The apostolic blessing or papal blessing is a blessing imparted by the pope, either directly or by delegation through others. Bishops are empowered to grant it three times a year and any priest can do so for the dying.

The apostolic blessing is not to be confused with an episcopal blessing, also known as a pontifical blessing, which bishops can impart at any time by their own authority.

Personal imparting 

A particularly solemn form of imparting the apostolic blessing is as an Urbi et Orbi blessing, .

The pope gives his blessing in many ways. He may use, with or without the introductory liturgical greeting, Dominus vobiscum, the formula of pontifical blessing that any other bishop may use. This was the formula used by Pope Paul VI (without Dominus vobiscum) when he gave his blessing at his first appearance on the balcony of St. Peter's Basilica following his election at the 1963 conclave, and by Pope Benedict XVI (with "Dominus vobiscum") after announcing on 11 February 2013 his intention to resign the papacy, and (without "Dominus vobiscum") at his farewell audience for the cardinals. At a general audience, when the blessing immediately follows the singing of the Pater Noster, it is naturally given without "Dominus vobiscum".

Delegated imparting 

Within his own diocese, a bishop may impart the apostolic blessing three times a year on solemn feasts. The same holds, within their territories, for non-bishop prelates (such as an apostolic prefect) recognized by canon law as juridically equivalent to diocesan bishops. In exceptional circumstances, they can impart it also on other occasions. The blessing is imparted in place of the normal blessing at the end of Mass, using a particular formula.

A plenary indulgence is granted to those who devoutly receive the papal blessing when imparted by the pope himself in the Urbi et Orbi form or by their own bishop in accordance with this authorization. It is granted also to those who are unable to be present at the rite itself and who instead follow it piously by radio, television, or the internet.

Apostolic Nuncios also are delegated to impart the papal blessing in written form.

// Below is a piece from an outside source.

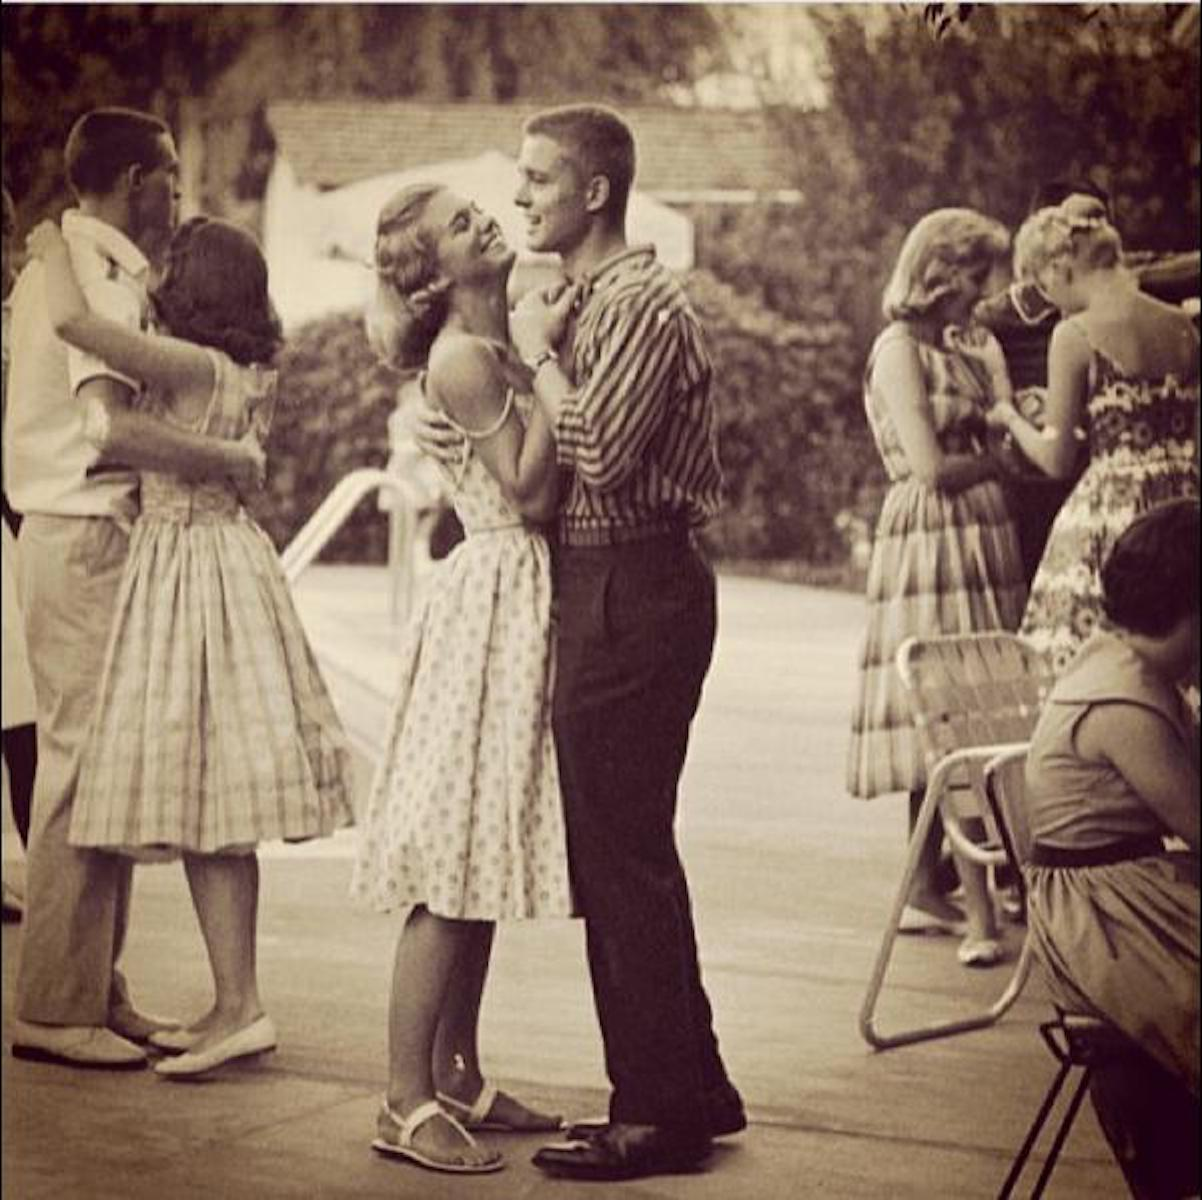 vintage teen couple dancing outside ini 1950s
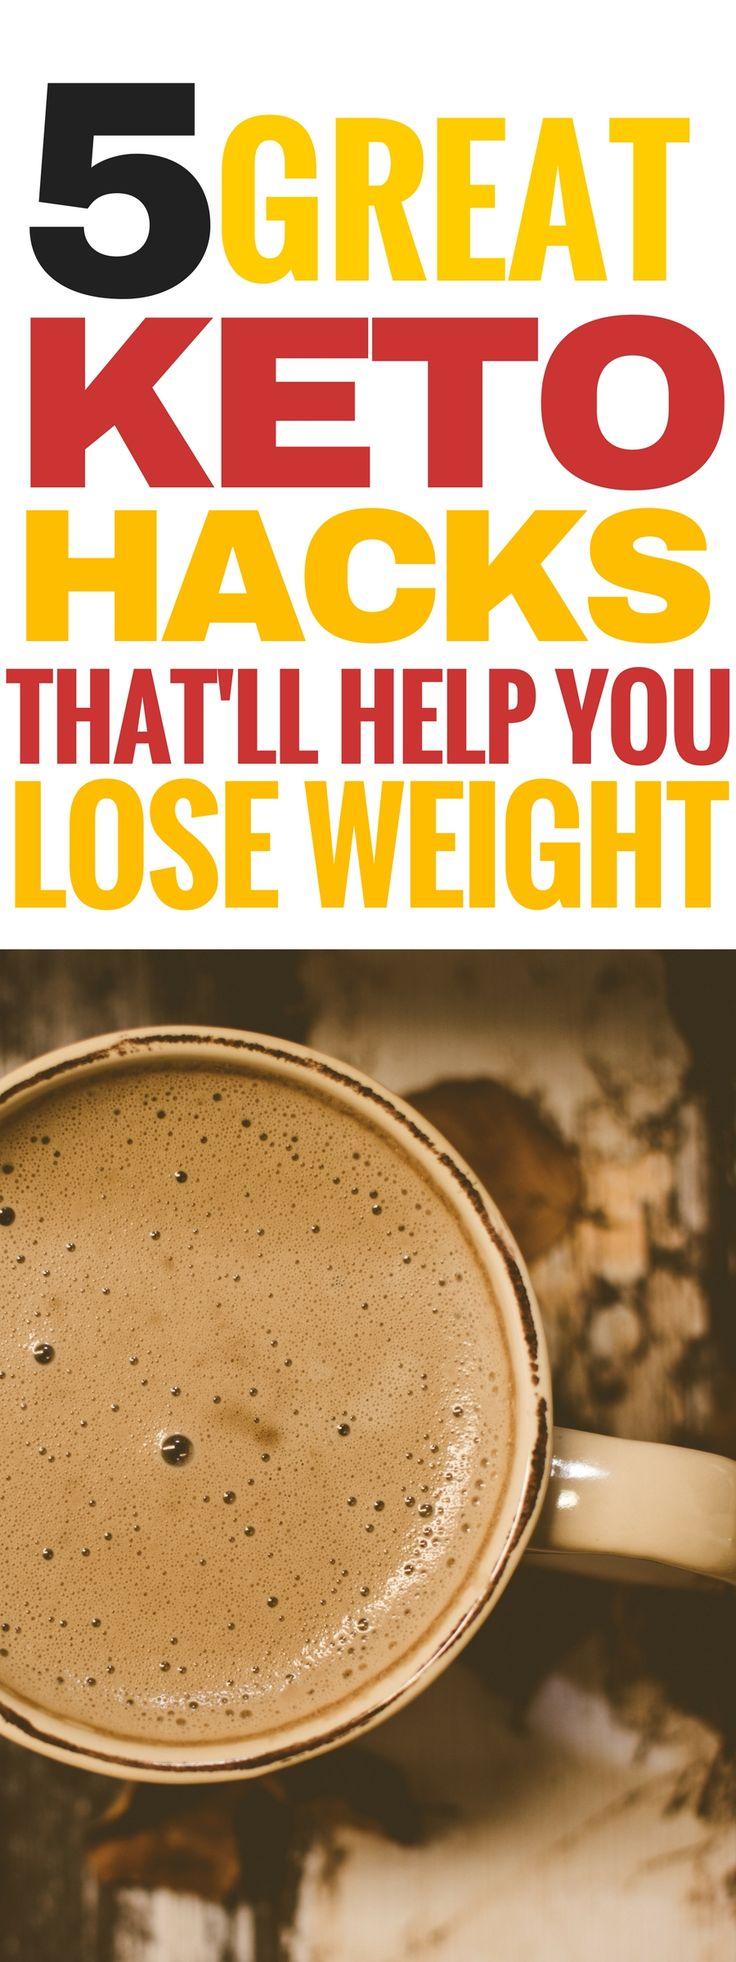 Best 25+ Ketogenic diet ideas on Pinterest | Ketogenic diet plan, Ketosis diet plan and Ketosis diet

The Church's ritual book on the Pastoral Care of the Sick uses the term "Apostolic Pardon" for what elsewhere, for instance in the Enchiridion Indulgentiarum, is called the "Apostolic Blessing with attached plenary indulgence". Priests are urged to impart it to the dying, but if a priest cannot be had, the Church grants a plenary indulgence, to be acquired at the moment of death, to any rightly disposed Christian who in life was accustomed to say some prayers, with the Church itself supplying the four conditions normally required for gaining a plenary indulgence (recent Sacramental Confession, reception of Holy Communion, prayers for the pope's intentions, and detachment from all sin).